TÜİK’in en son açıkladığı ocak ayına ilişkin iş gücü istatistiklerine göre, genç işsizlik oranı bir önceki aya göre 0,5 puanlık artışla yüzde 20,2 olarak belirlendi. Yani beş gençten biri işsiz. Pandemiyle, depremle birlikte zaten çökmüş, niteliksiz olan eğitim sistemi tamamen dibi görürken, öğrenci gençliğin üniversiteyle olan bağı neredeyse kopartıldı. Yurtlar boşaltıldı, öğrenci gençliğin bu alanlarda bir araya gelmesinin, sosyalleşmesinin önü kapandı. Yüksek enflasyonun sebep olduğu yaşam pahalılığından kaynaklı toplumun bütün kesimleri gibi halk gençliği de en temel beslenme ihtiyaçlarını bile karşılayamamaktadır. Yine, ne gençlerin “demokrat” amcası K. Kılıçdaroğlu tarafından ne de TikTokçu M. İnce tarafından bu sorunlara dair zerre kadar vaat sunulmaktadır.
Düzen partilerinin sanal medyadaki yüksek etkileşimli paylaşımlarının gerçeği yansıtmadığını bilmeliyiz. Duygusallıkla ve “umut” vaatleriyle dolu videolar, gençliğin bir kısmının rağbet ettiği elektro müzik ve dans içerikli videolar gençliğin yakıcı sorunlarıyla dolu gerçek yaşamın sert duvarlarına çarpıp bir karşılık bulamamaktadır. Gençler bu videoları izliyor olabilirler fakat bu izlenme istatistikleri gençliğin düzen partilerine sıkı sıkıya sarıldıklarını göstermiyor. Dünya genelinde ve Türkiye özelinde yaşanan ekonomik-siyasi sorunlar öyle bir çıkmaza varmış durumda ki geleceğe dair egemenler ufak da olsa somut çözümler üretememektedir. Eskisi gibi yönetemeyen egemenler, eskisi gibi yönetilmek istemeyen, kaba bir şekilde de olsa “hak ve özgürlük” tartışması yürüten gençlik, sorunlarını dinleyecek, sorunlarına çözüm sunacak, değişimi sağlayacak birilerini görmek istemektedir. Göremediği için çok önemli bir kısmı ya “oyum boşuna gitmesin” düşüncesiyle oy vermeyi ya da hiç vermemeyi düşünmektedir. Bize düşen, sorunların çözümünün de değişim gücünün de halk gençliğinin örgütlü mücadelesinde içerili olduğunu, kurtuluşunu sorunlarının kaynağı düzenden beklememesi gerektiğini usanmadan anlatmaktır.
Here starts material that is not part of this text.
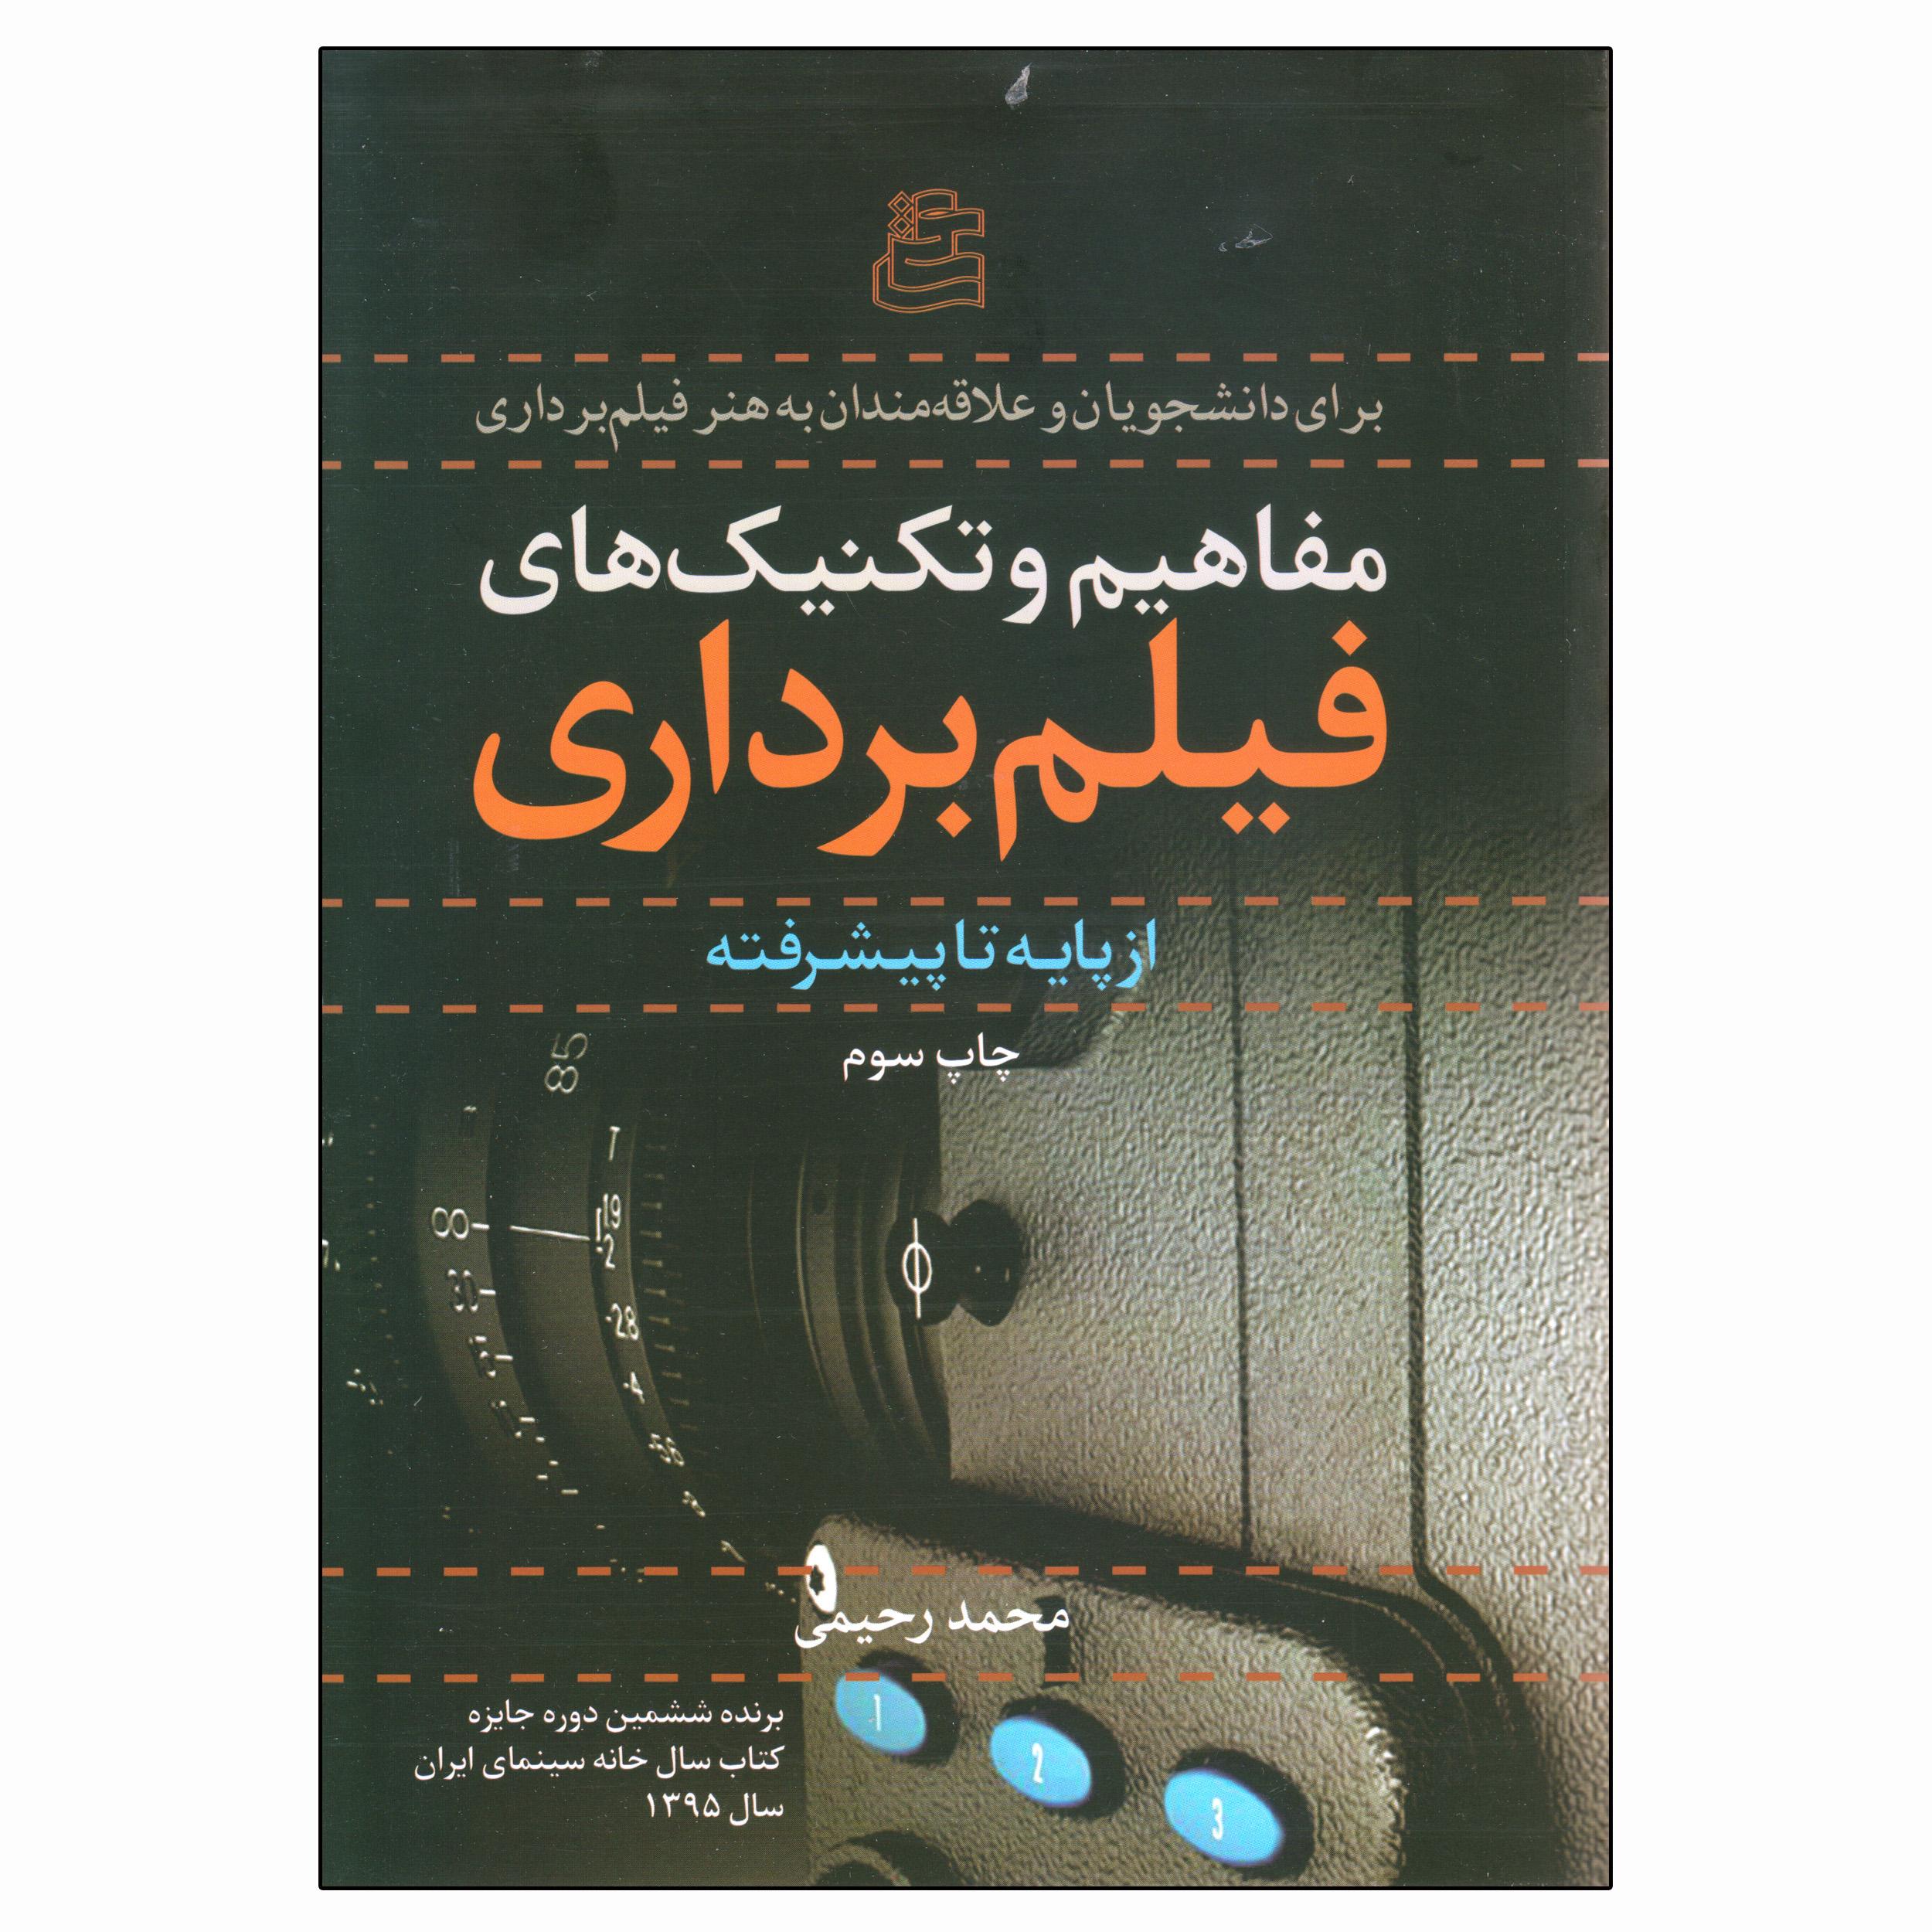 خرید                      کتاب مفاهیم و تکنیک های فیلم برداری از پایه تا پیشرفته اثر محمد رحیمی انتشارات ساقی

Depremle birlikte bütün çıplaklığıyla ortaya çıkan devletin acizliği, eğitimden ekonomiye, temel ihtiyaç sorunlarından hak sorunlarına bir bütünüyle karamsarlık, umutsuzluk, tükenmişlik içeren bir tablodur. Fakat gençlik bu tabloya hapsolmak zorunda değildir. Halk gençliği, özlemini duyduğu insanca yaşamı yaratmaya muktedirdir. Koca bir ikiyüzlülükle gençliği aldatan egemen sınıf temsilcilerinin ömrünü uzatacak seçimleri boykot etme zamanıdır. Faşizmin, sömürünün maskesi parlamentoyu reddedip halkın demokrasisini büyütme zamanıdır. Kurtuluşumuz burjuva feodal düzenin duvarlarını parçalayıp Demokratik Halk Devrimi mücadelesini büyüterek gerçekleşecektir. Tam da bu noktada halk gençliğine yönelik ikiyüzlü politikaları, seçim odaklı vaatleri bıkmadan usanmadan güçlü bir şekilde teşhir etme yükümlülüğümüz olmaktadır. Geleceği kazanmak için mücadeleyi büyütelim, egemenlerin hesaplarını boşa çıkaralım!